There is extensive concern over the extent to which the cuts will hamstring the development of innovative fundamental research.

McLysaght is not alone in her views. In a recent hearing before the EU Committee on Industry, Research and Energy, Interim President of the ERC Jean-Pierre Bourguignon stated that “above all, what the pandemic has proved is the importance of preparedness built over the long term”. He said that there were 180 existing ERC-funded projects directly relevant to deal with the coronavirus crisis when it hit.

The ability to react quickly to the next crisis hinges on how much funding is invested in frontier research now for the next seven years – and this is Nicolosi’s fear.

“We are really risking that in 30 years time, we will not have any more pipeline of new discoveries, because the applied science has to be fed by fundamental science”, she says.

Although the ERC budget would remain at around €1.9 billion per year under the current proposal, the programme’s growing prestige led to a 42 per cent increase in the most recent round of applications for their Advanced Grants, the largest grants awarded to individuals. Campbell says the competition was already stiff, and that the increased demand combined with a smaller budget, could end up pitting promising mid-career researchers against Nobel Prize-winning scientists.

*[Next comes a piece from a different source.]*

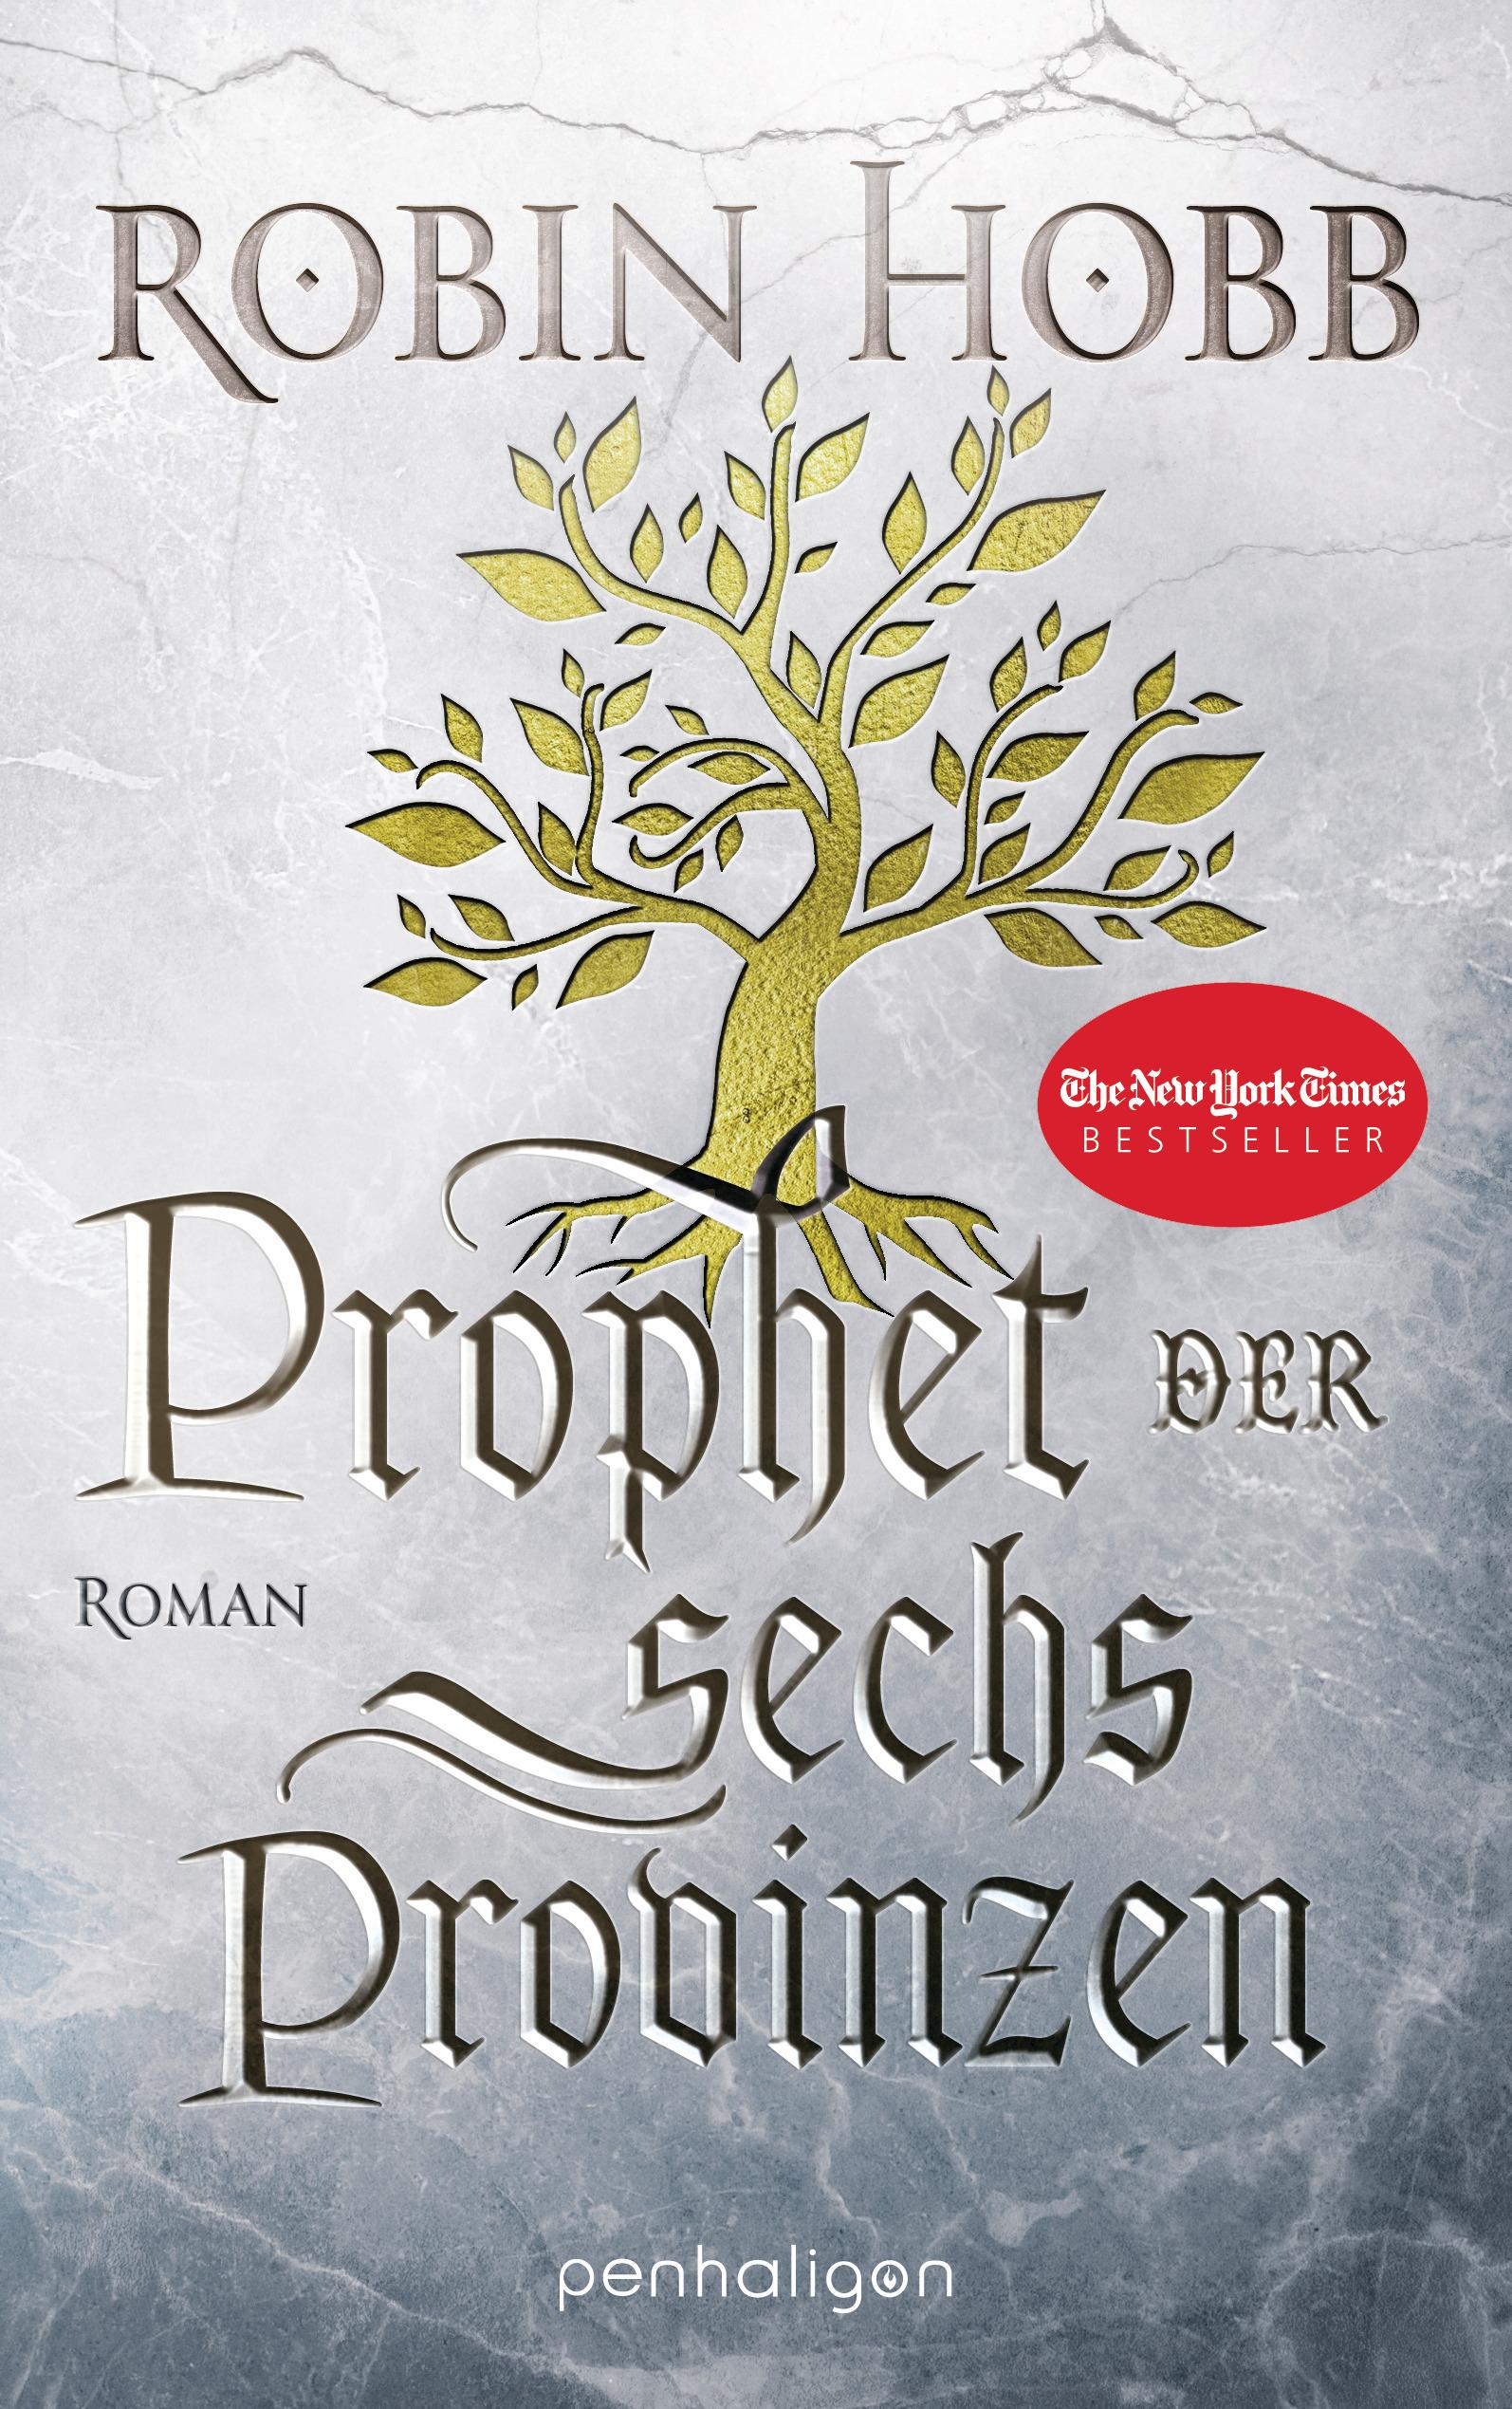 Prophet der sechs Provinzen von Robin Hobb
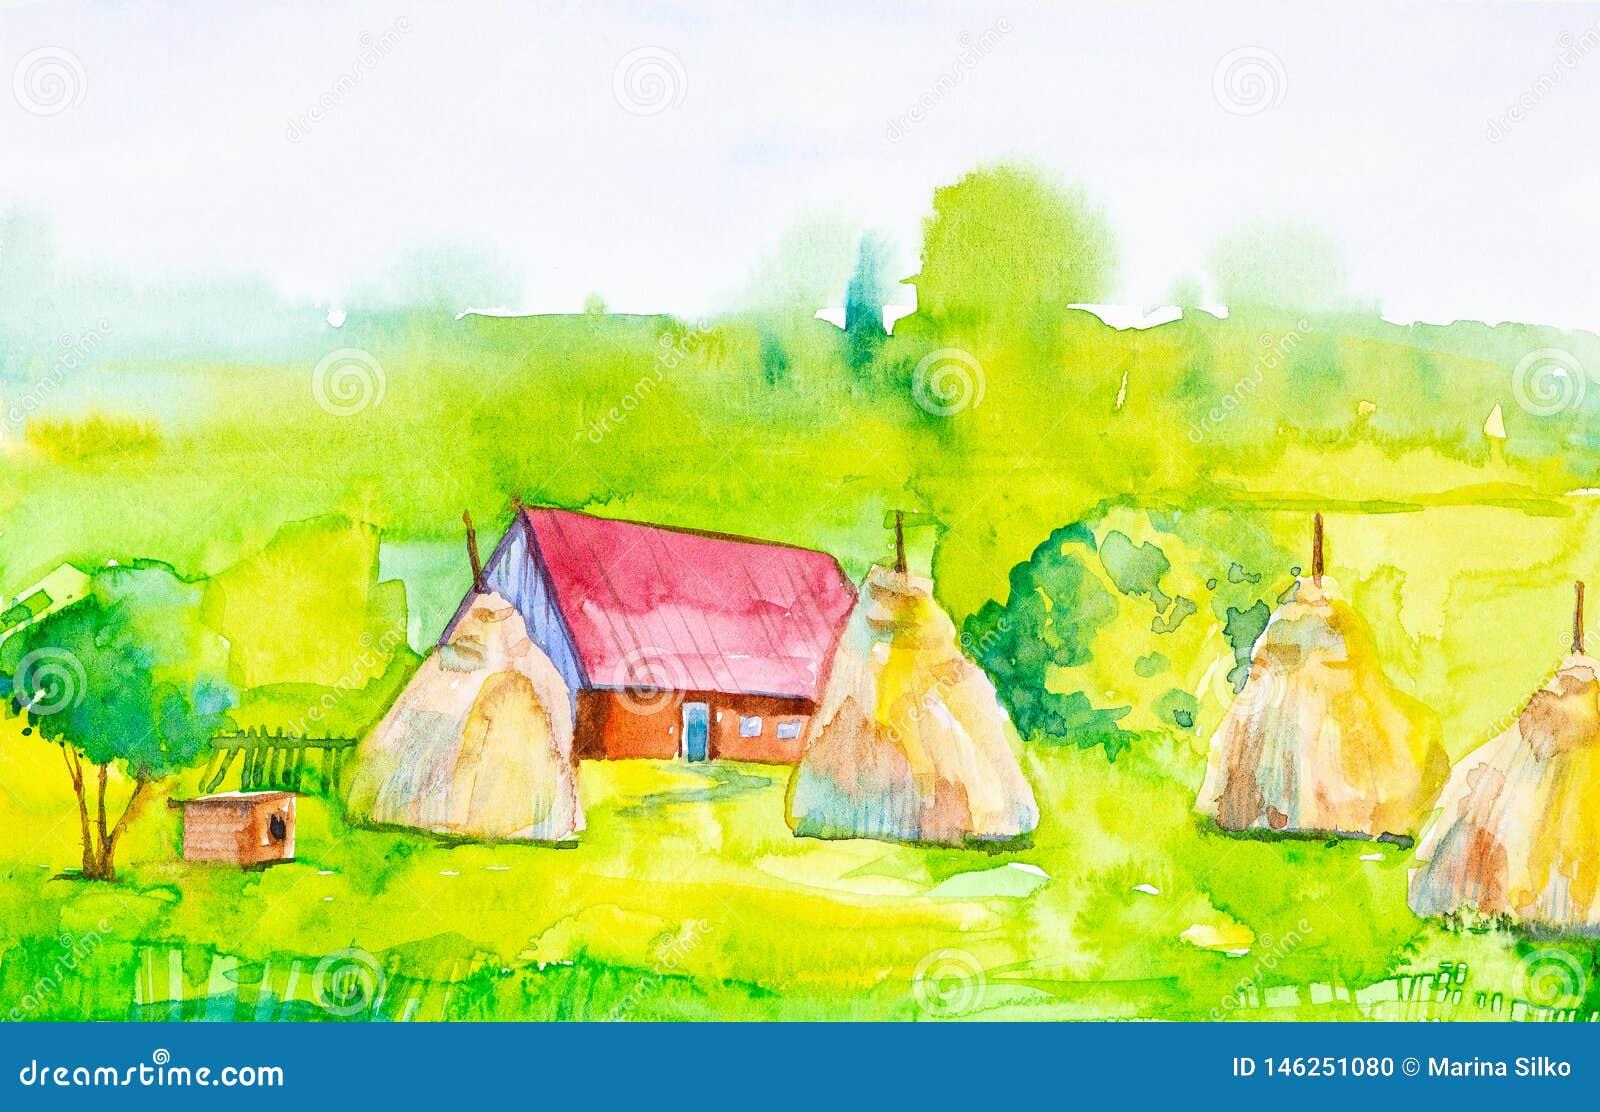 Akwareli ilustracja wioska dom, haystacks z doghouse w przedpolu i Zielony las w tle

Competition aside, Campbell notes that the ERC was set up to promote excellence in science across Europe. “If ERC is defunded or its funding levels are brought down to a non-sustainable level, we’re not going to have excellent science in Europe, we’re going to have mediocre science”, he says.

The ability to react quickly to the next crisis hinges on how much funding is invested in frontier research now for the next seven years.

It’s important to note that these cuts to Horizon Europe don’t just affect science or the ERC. The ERC funds research across all disciplines, from STEM to social sciences, all of which would be affected.

According to Doyle, Trinity earned nearly €131 million in funding from Horizon 2020 – Horizon Europe’s predecessor – and will continue to apply for funding under Horizon Europe. Any area that was eligible for this funding could take a hit, she says.

Doyle is quick to point out, however, that the majority of Trinity’s funding is national. It’s the fundamental research, favoured by the ERC and harder to find national funding for, that will be most affected by the proposed cuts.

National funding in Ireland is changing, but not quickly enough to offset the looming ERC cuts. Science Foundation Ireland recently introduced a new frontier research grant programme, the SFI Frontiers for the Future, offering grants of up to €1 million. Though it lacks the funding capacity of an entity like the ERC, it shows that funding bodies “are starting to listen to scientists”, says Campbell.

Unfortunately, at a time when the importance of investing in scientific research is self-evident, plans for research and innovation development and investment have been thrown off by the pandemic. The challenge for EU leaders, then, is to balance the desire for short-term recovery against longer-term financial decisions and future impacts.

Nicolosi sympathizes with EU leaders. “In an emergency such as the one we’re living, there are decisions to be made,” she says. But her message to the EU Commission remains firm: “Don’t cut what is your future – because by cutting research funding, you’re cutting the future of Europe.”